GOTTA SEE IT # 10 - "THE BLUE ANGEL"


“THE BLUE ANGEL”

Starring: Emil Jannings, Marlene Dietrich, Kurt Gerron, Rosa Valetti, Hans Albers, Reinhold Bernt, Eduard von Winterstein, Hans Roth, Rolf Muller, Roland Varno, Carl Balhaus.
Written by: Heinrich Mann (novel), Carl Zuckmayer, Karl Vollmoller, Robert Liebmann.
Directed by: Joseph von Sternberg
B&W - 1932
101 minutes
Germany

“Beware of blonde women, they’re special, every one. At first you may be unaware, but something is definitely there. A little hanky-panky can be fun, but from their clutches you’d better run.” – sung by Marlene Dietrich as “Lola Lola” in “The Blue Angel”

Sex vs. Intellect - I know which one I’d put my money on.

This match up for the ages sends us down some cracked and crooked steps into the deep dark belly of German filmmaking circa 1932. Immanuel Rath (Emil Jannings), an esteemed professor, falls hard for a scandalous barroom entertainer named Lola Lola - played with effortless sensuality by early erotic icon Marlene Dietrich.

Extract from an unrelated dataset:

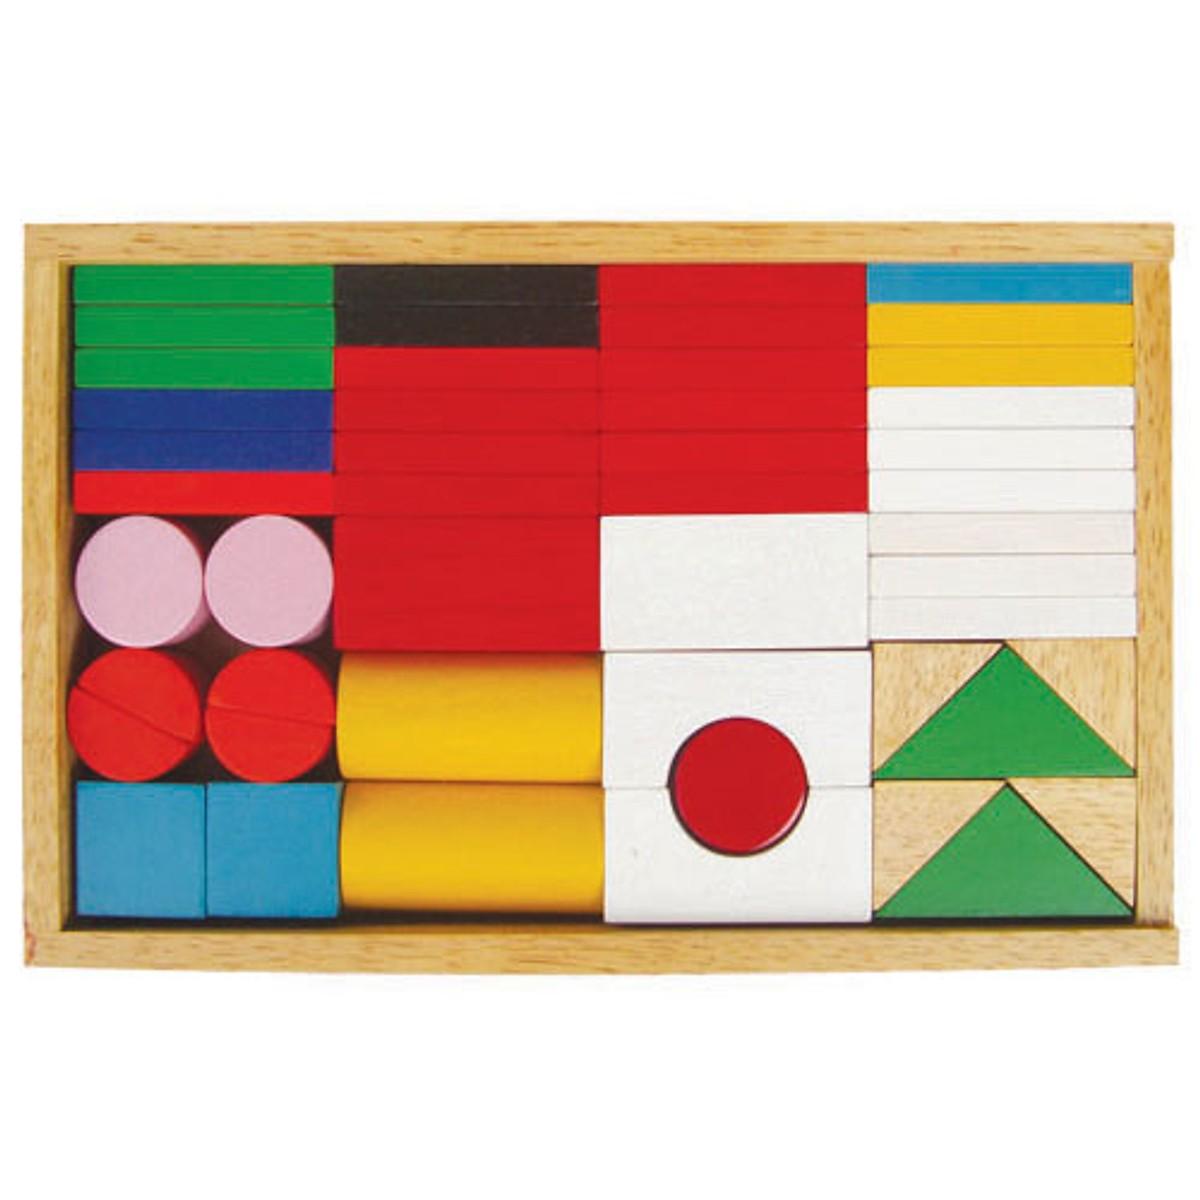 Bộ Cờ Quốc Gia  - Đồ chơi gỗ trí tuệ

Compelling, focused, with an emotional intensity that is remarkably sustained for large stretches of scenes, The Blue Angel is a marvel to behold. Though a simple story of obsessive love and how it strips a once proud man of his dignity - leaving him stunned and struck silent by his inability to pull himself away from his object of desire – what amazes me most about this film is its’ sheer, cumulative power. Structured circularly, the scenes in The Blue Angel pass, one by one, each efficiently echoing and amplifying the last, until they achieve their full force in a devastating final shot which is simply too sad and haunting to be forgotten.

When Rath loses his dignity, something far more important also slips from his grasp - control. Students in Rath’s class snap to attention when he first enters the room every morning. Rath has total control over them. This is how he is able to teach them, to mould them and to keep the classroom from descending into anarchy. Without this power, he is finished as a professor. When his students spy their once intimidating prof reduced to a love struck schoolboy in Lola Lola’s presence, he is done. An authority figure is exposed as a fake and nothing will ever be the same.

Jannings and Dietrich, two legends of German film, make the most unlikely of couplings and, naturally, so too do Rath and Lola Lola – he’s large, heavy, unattractive, stiff and stuffy and she’s beautiful, sexy, playful and loose – yet their chemistry is undeniable. There’s an obvious father/daughter dimension to their pairing, yes, but you can actually picture the two as a romantic coupling. They compliment one another – he brings her class and sophistication and she offers him beauty, excitement and a much needed sabbatical from the suffocating strictness of his life.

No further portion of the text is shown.